在提供一组已排序行的情况下,FIRST_VALUE 返回有关窗口框架中的第一行的指定表达式的值。LAST_VALUE 函数返回有关框架中最后一行的表达式的值。

Syntax

FIRST_VALUE | LAST_VALUE ( expression [ IGNORE NULLS | RESPECT NULLS ] ) OVER ( [ PARTITION BY expr_list ] [ ORDER BY order_list frame_clause ] )

Arguments

expression

对其执行函数的目标列或表达式。

IGNORE NULLS

将此选项与 FIRST_VALUE 结合使用时,该函数返回不为 NULL 的框架中的第一个值(如果所有值为 NULL,则返回 NULL)。将此选项与 LAST_VALUE 结合使用时,该函数返回不为 NULL 的框架中的最后一个值(如果所有值为 NULL,则返回 NULL)。

RESPECT NULLS

指示 Amazon Redshift 应包含 null 值以确定要使用的行。如果您未指定 IGNORE NULLS,则默认情况下不支持 RESPECT NULLS。

OVER

引入函数的窗口子句。

PARTITION BY expr_list

依据一个或多个表达式定义函数的窗口。

ORDER BY order_list

对每个分区中的行进行排序。如果未指定 PARTITION BY 子句,则 ORDER BY 对整个表进行排序。如果指定 ORDER BY 子句,则还必须指定 frame_clause

FIRST_VALUE 和 LAST_VALUE 函数的结果取决于数据的排序。在以下情况下,结果是不确定的:

  • 当未指定 ORDER BY 子句且一个分区包含一个表达式的两个不同的值时

  • 当表达式的计算结果为对应于 ORDER BY 列表中同一值的不同值时。

frame_clause

如果 ORDER BY 子句用于聚合函数,则需要显式框架子句。框架子句优化函数窗口中的行集,包含或排除已排序结果中的行集。框架子句包括 ROWS 关键字和关联的说明符。请参阅 窗口函数语法摘要

数据类型

这些函数支持使用任何 Amazon Redshift 数据类型的表达式。返回类型与 expression 的类型相同。

Examples

以下示例返回 VENUE 表中每个场地的座位数,同时按容量对结果进行排序(从高到低)。FIRST_VALUE 函数用于选择与框架中的第一行对应的场地的名称:在这种情况下,为座位数最多的行。按州对结果进行分区,以便当 VENUESTATE 值发生更改时,会选择一个新的第一个值。窗口框架是无界的,因此为每个分区中的每个行选择相同的第一个值。

对于加利福利亚,Qualcomm Stadium 具有最大座位数 (70561),此名称是 CA 分区中所有行的第一个值。

select venuestate, venueseats, venuename, first_value(venuename) over(partition by venuestate order by venueseats desc rows between unbounded preceding and unbounded following) from (select * from venue where venueseats >0) order by venuestate; venuestate | venueseats | venuename | first_value -----------+------------+--------------------------------+------------------------------ CA | 70561 | Qualcomm Stadium | Qualcomm Stadium CA | 69843 | Monster Park | Qualcomm Stadium CA | 63026 | McAfee Coliseum | Qualcomm Stadium CA | 56000 | Dodger Stadium | Qualcomm Stadium CA | 45050 | Angel Stadium of Anaheim | Qualcomm Stadium CA | 42445 | PETCO Park | Qualcomm Stadium CA | 41503 | AT&T Park | Qualcomm Stadium CA | 22000 | Shoreline Amphitheatre | Qualcomm Stadium CO | 76125 | INVESCO Field | INVESCO Field CO | 50445 | Coors Field | INVESCO Field DC | 41888 | Nationals Park | Nationals Park FL | 74916 | Dolphin Stadium | Dolphin Stadium FL | 73800 | Jacksonville Municipal Stadium | Dolphin Stadium FL | 65647 | Raymond James Stadium | Dolphin Stadium FL | 36048 | Tropicana Field | Dolphin Stadium ...
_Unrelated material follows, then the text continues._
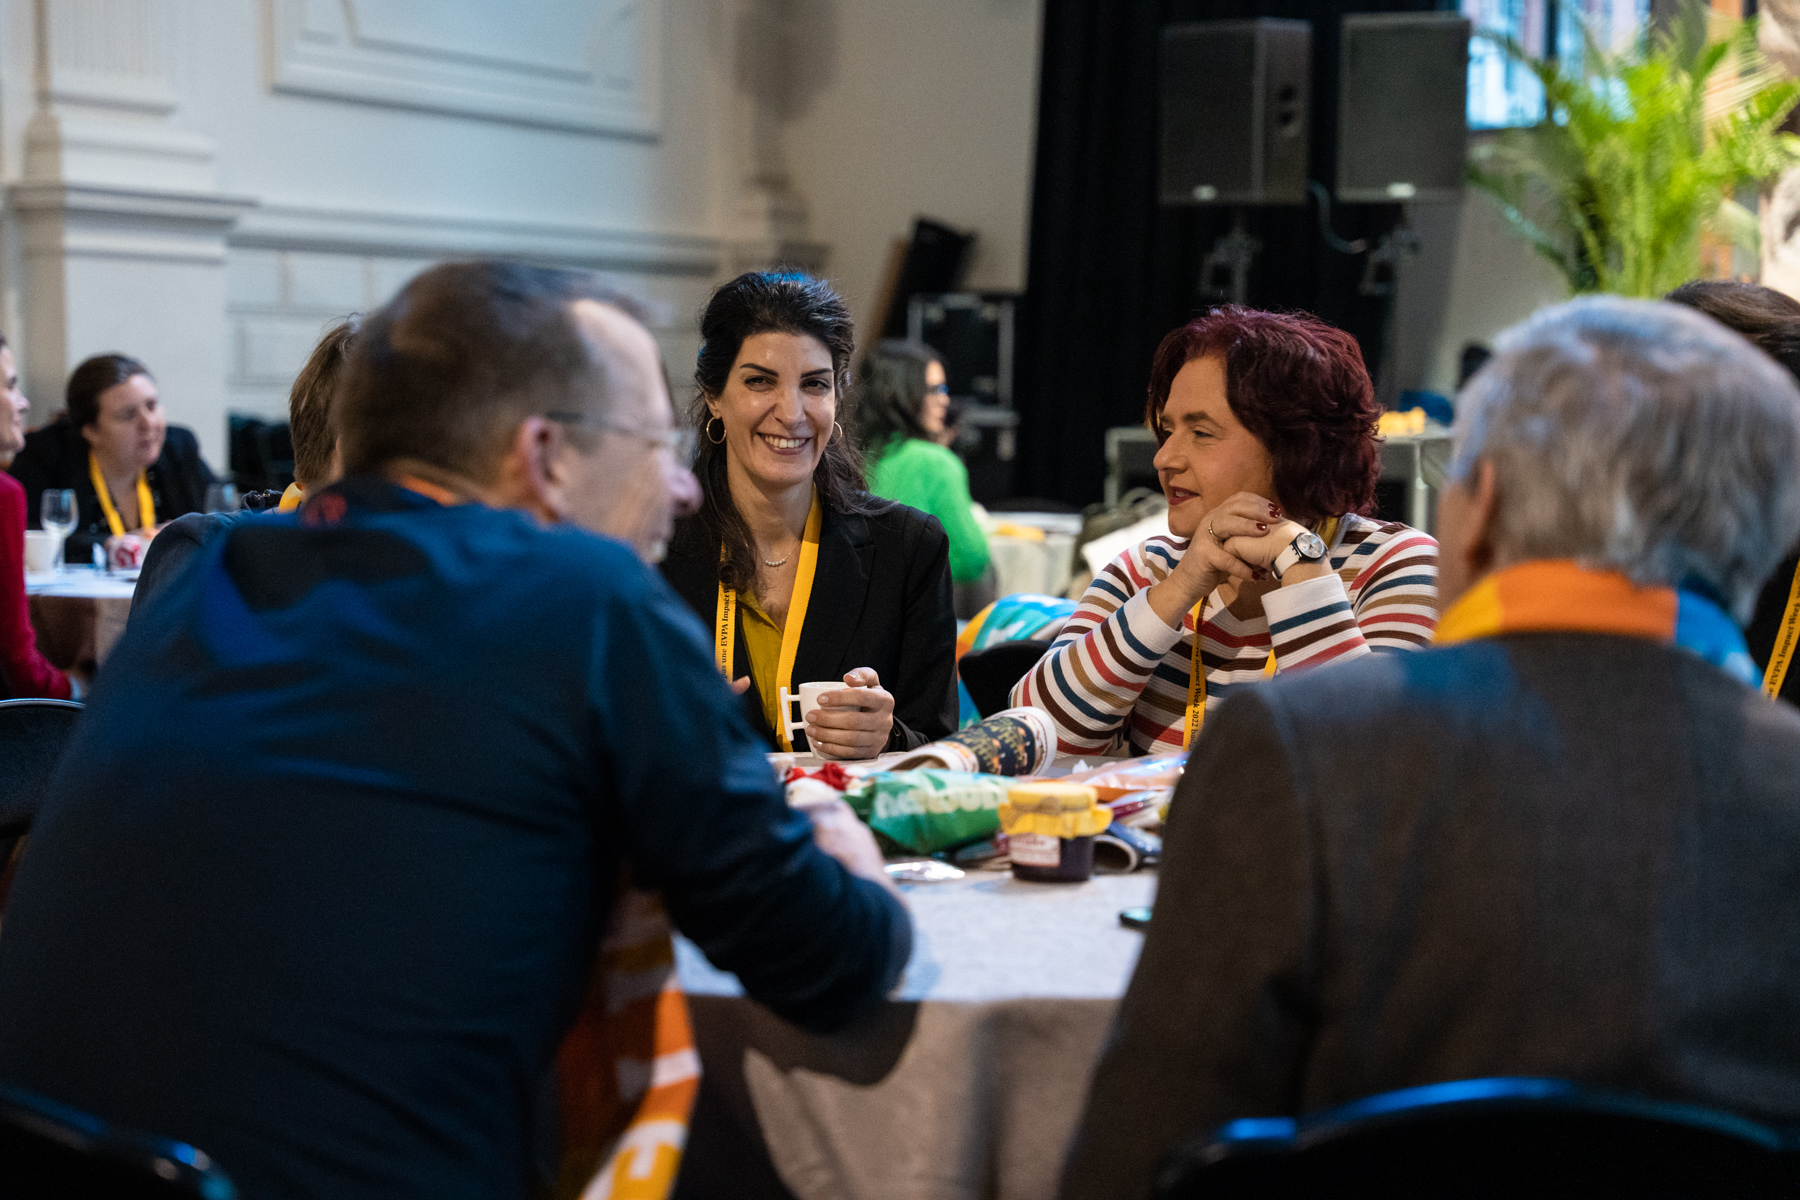 What makes a great conference to you?
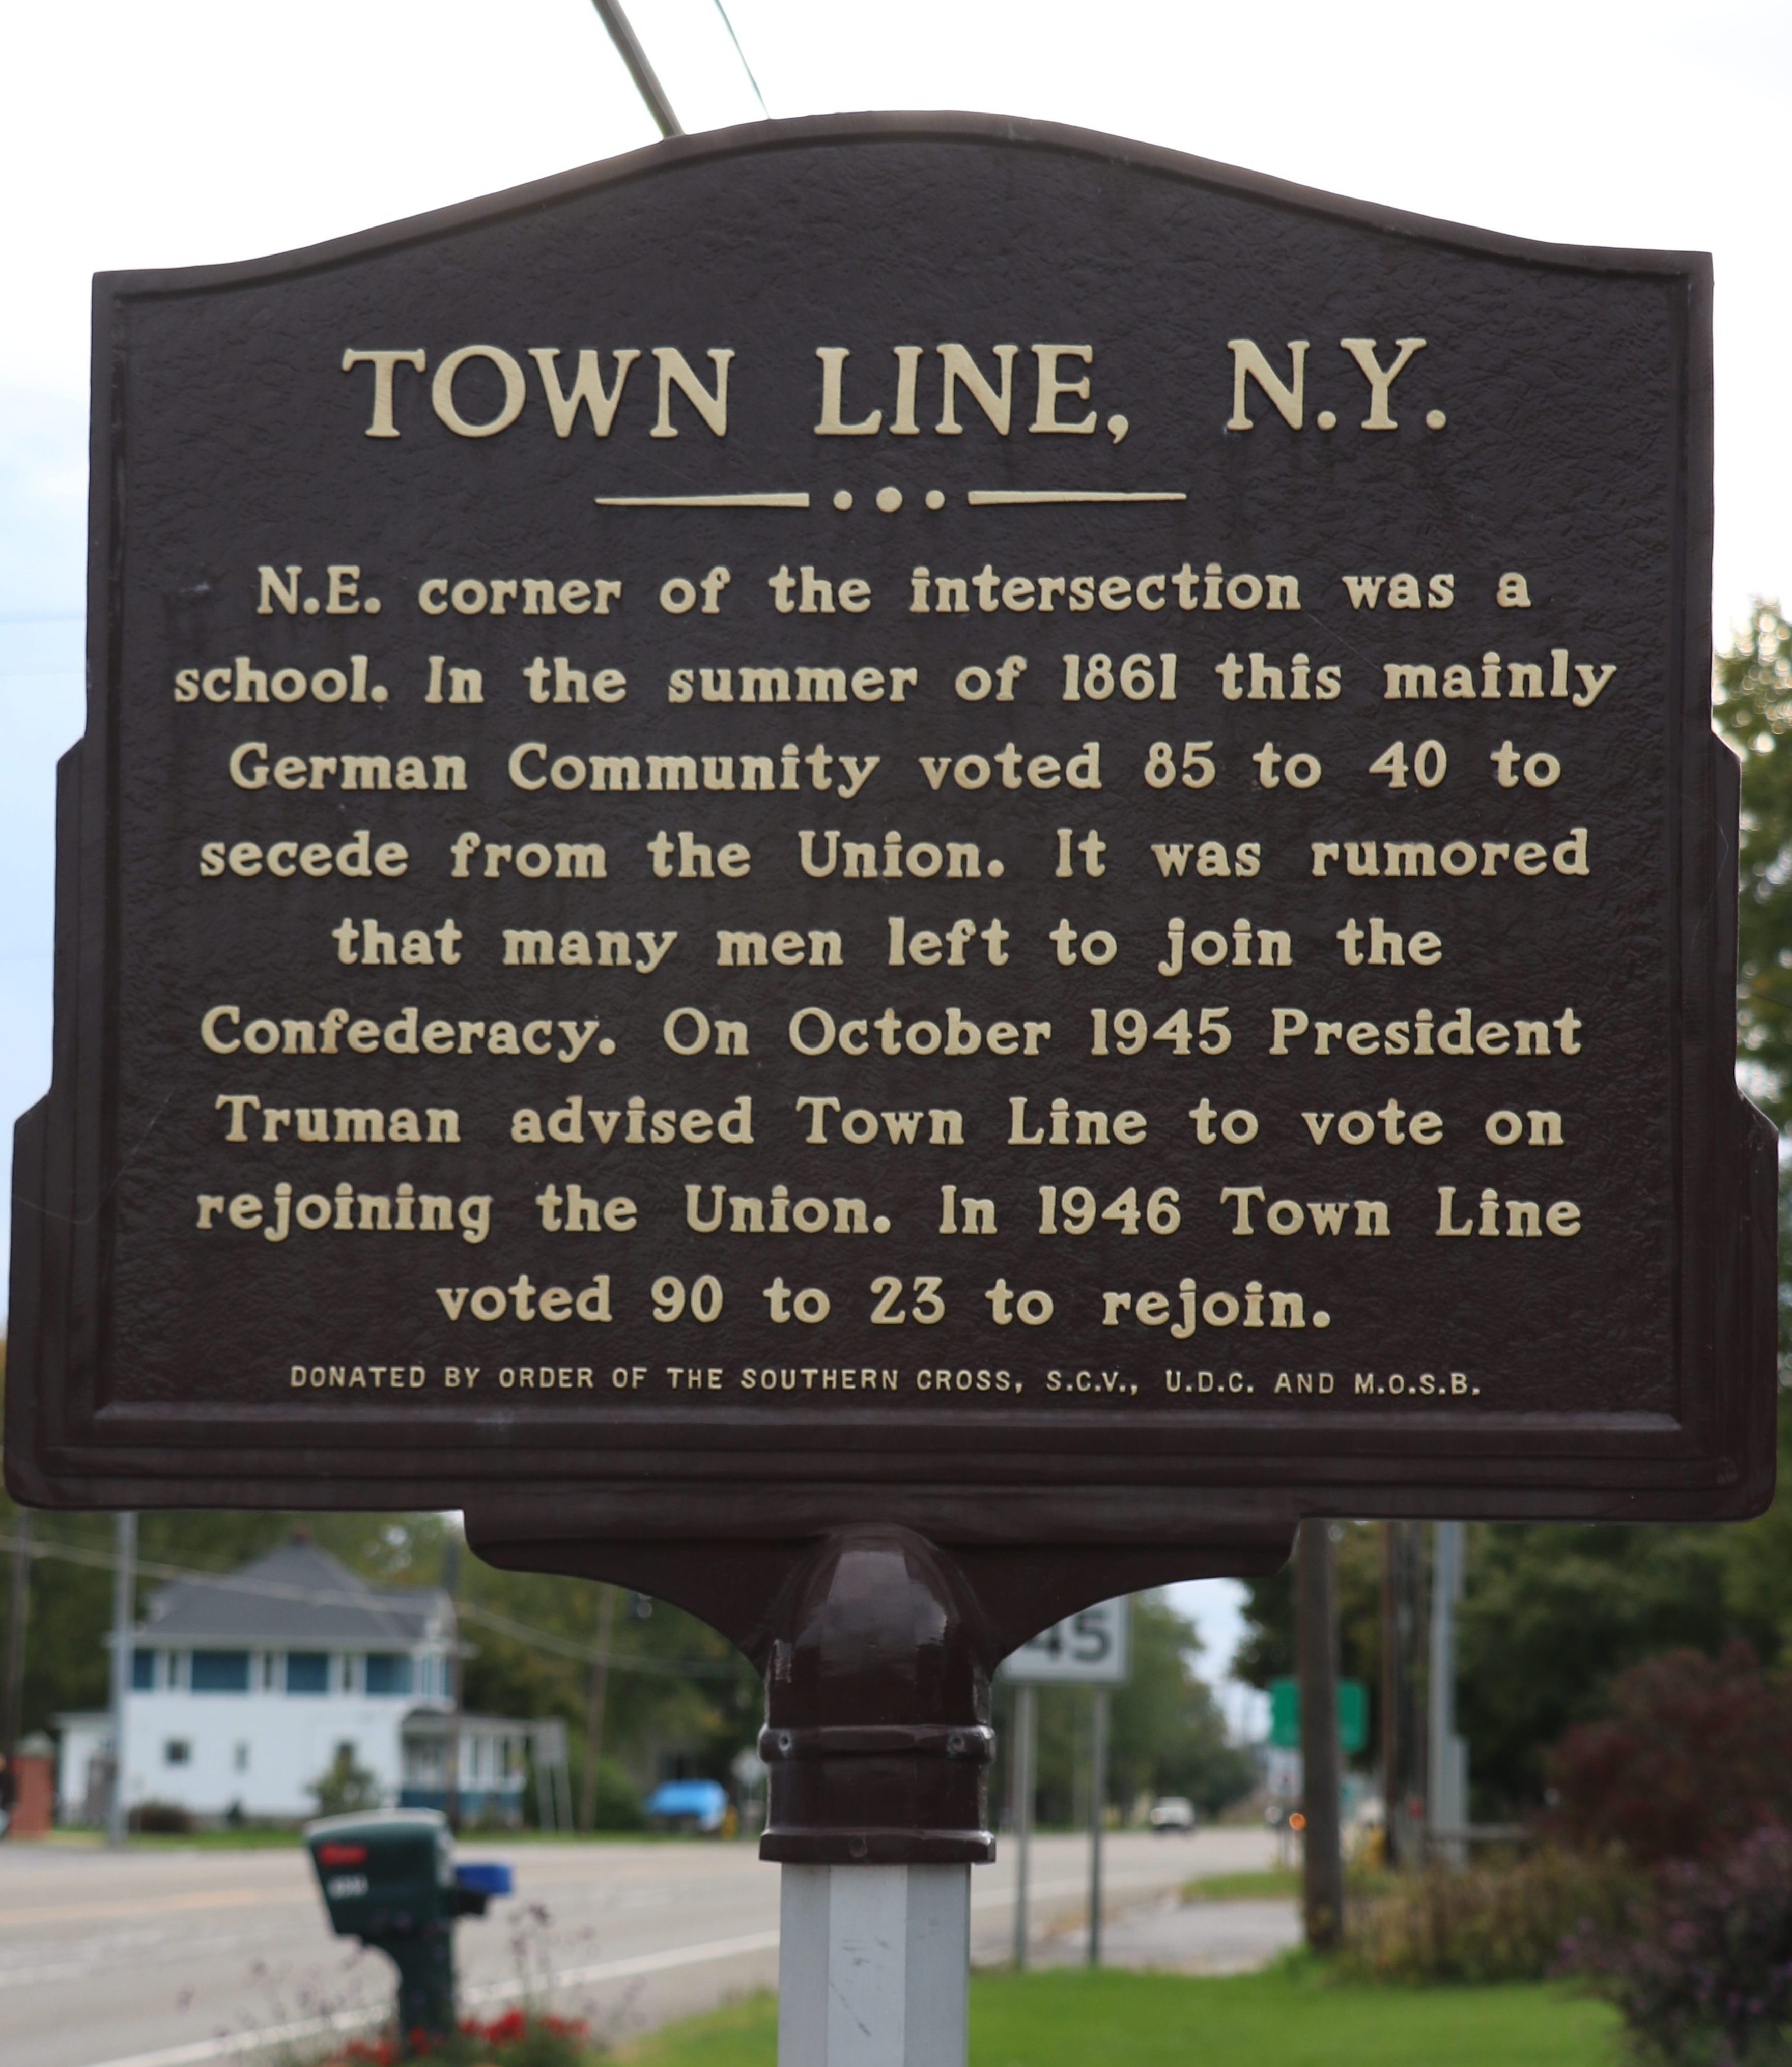 Town Line, N.Y.: N.E. corner of the intersection was a school. In the summer of 1861 this mainly German Community voted 85 to 40 to seceded from the Union. It was rumored that many men left to join the Confederacy. On October 1945 President Truman advised Town Line to vote on rejoining the Union. In 1946 Town Line voted 90 to 23 to rejoin.

下一个示例使用 LAST_VALUE 函数而不是 FIRST_VALUE;否则,查询与上一示例相同。对于加利福利亚,为该分区中的每个行返回 Shoreline Amphitheatre,因为它具有最小座位数 (22000)。

select venuestate, venueseats, venuename, last_value(venuename) over(partition by venuestate order by venueseats desc rows between unbounded preceding and unbounded following) from (select * from venue where venueseats >0) order by venuestate; venuestate | venueseats | venuename | last_value -----------+------------+--------------------------------+------------------------------ CA | 70561 | Qualcomm Stadium | Shoreline Amphitheatre CA | 69843 | Monster Park | Shoreline Amphitheatre CA | 63026 | McAfee Coliseum | Shoreline Amphitheatre CA | 56000 | Dodger Stadium | Shoreline Amphitheatre CA | 45050 | Angel Stadium of Anaheim | Shoreline Amphitheatre CA | 42445 | PETCO Park | Shoreline Amphitheatre CA | 41503 | AT&T Park | Shoreline Amphitheatre CA | 22000 | Shoreline Amphitheatre | Shoreline Amphitheatre CO | 76125 | INVESCO Field | Coors Field CO | 50445 | Coors Field | Coors Field DC | 41888 | Nationals Park | Nationals Park FL | 74916 | Dolphin Stadium | Tropicana Field FL | 73800 | Jacksonville Municipal Stadium | Tropicana Field FL | 65647 | Raymond James Stadium | Tropicana Field FL | 36048 | Tropicana Field | Tropicana Field ...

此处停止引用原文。